Сумерки божков - [32]

Шрифт
Интервал

— Голубушка, ангел неба, солнце мое, любезный мой Светлячок! — вопиял пред нею — краснолицый, лысый, длинно и седобородый, в черной ермолке против ревматизма головы, с жандармскими, непроницаемыми глазами сквозь черепаховое pince-nez, величественно венчающее чрезвычайно греческий нос, — главный режиссер Захар Венедиктович Кереметев. — Ты обижаешь меня своими подозрениями, ангел неба! Совершенно несправедливые фантазии и даже, смею сказать, недостойные тебя претензии, сокровище мое! Я понимаю, что ты хочешь, чтобы мы ставили «Пророка», потому что, быть может, во всей Европе нет такой Фидесы, как ты! [157] И, само собою разумеется, горлинка моя, что также и в Америке, и в Австралии! Но, ангел неба, разве может быть «Пророк» без Пророка?! А где же у нас тенор? где у нас Пророк? Я тебя спрашиваю, солнце: где у нас Пророк?! Карапет Самирагов — Пророк? Ванька Фернандов — Пророк? Пойми, что мы связаны необходимостью строить наш репертуар на баритон, потому что другого Андрюши Берлоги — нет во вселенной, а тенора — тю-тю! Роди мне тенора, ангел неба, — и я тебе завтра же ставлю «Пророка»… «Парсифаля»… черта, дьявола… Роди![158]

— Смолоду этим ремеслом не занималась, — мрачно отшучивалась Светлицкая, — на старости лет дебютировать поздно… Еще вместо тенора антихрист выйдет!

— Ну так пусть другая родит, а ты — выучи!..

— Да вот — если бы! То-то и беда, что не родятся…

— И я говорю: то-то и беда наша. Старое старится, а молодое не растет.

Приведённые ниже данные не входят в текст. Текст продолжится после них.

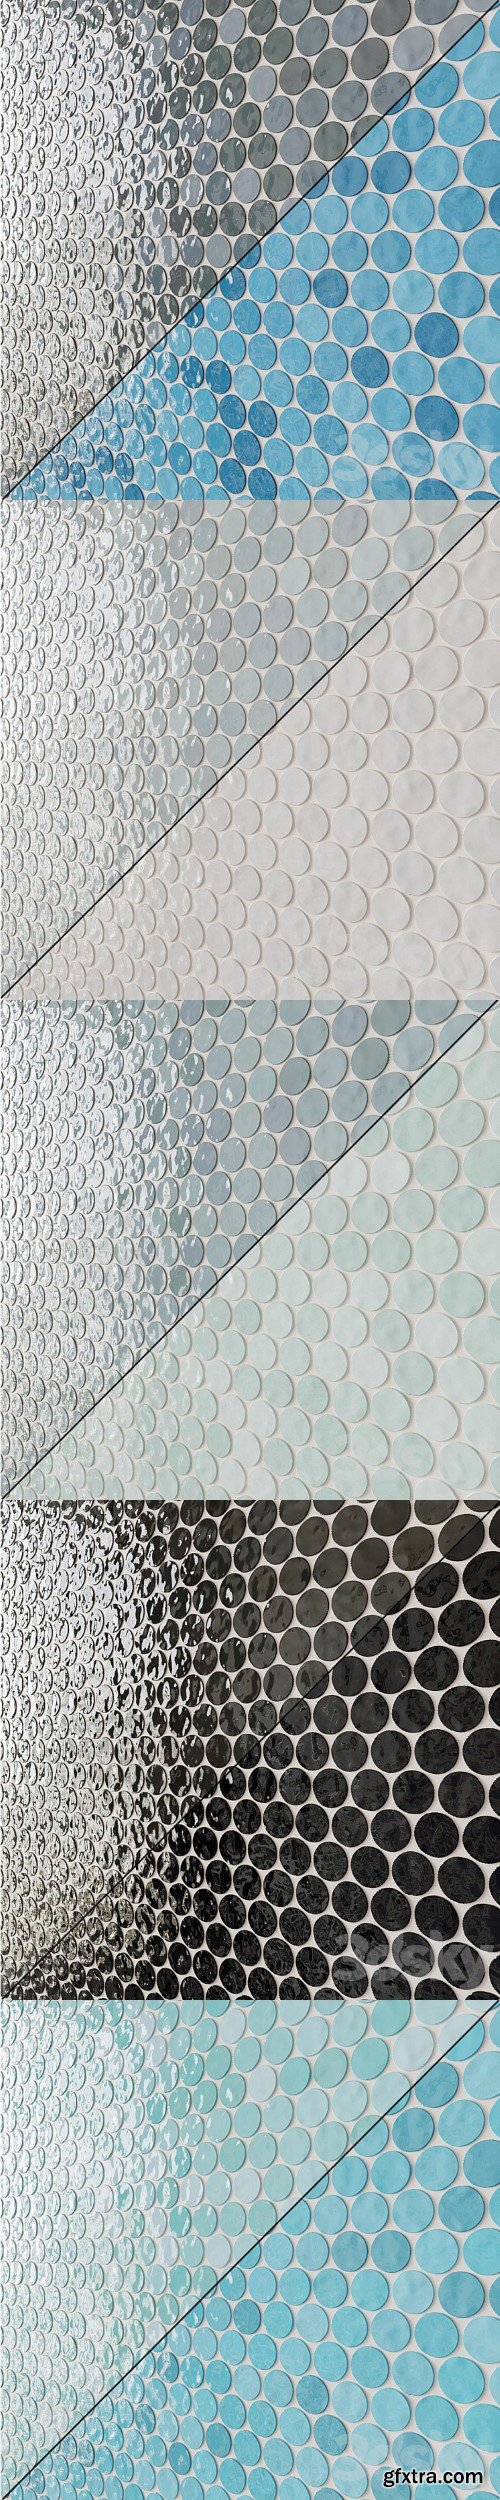 GlassPenny Round Mosaic Wall & Floor Tile 12 Colors

Последним артистическим оскорблением глубоко запало в сердце Светлицкой твердое распоряжение директрисы — не выпускать ее в ролях, требующих мужского костюма. Распоряжение было отдано секретно, самой Светлицкой никогда не объявлялось, и опять старой певице не на что было жаловаться: любимые юноши контральтового репертуара ускользали от нее один за другим, но с любезнейшим соблюдением всех конвенансов. Да и правда была, что мужской костюм давно уже стал не по Александре Викентьевне, растолстевшей к пожилым годам, как подобает всякому контральто, до такой повсеместной круглоты, что как она ни повернись, ее платье — все — казалось туго надетым на пирамиду чугунных бомб.

— Хо-хо-хо-хо! Помилуйте! — исподтишка издевался и хихикал Мешканов, — как же нашему милейшему Светлячку не обижаться? У нее только что усы по-настоящему расти стали, — хо-хо-хо-хо! — а ей тут-то и отказ от мужских ролей… хо-хо-хо-хо!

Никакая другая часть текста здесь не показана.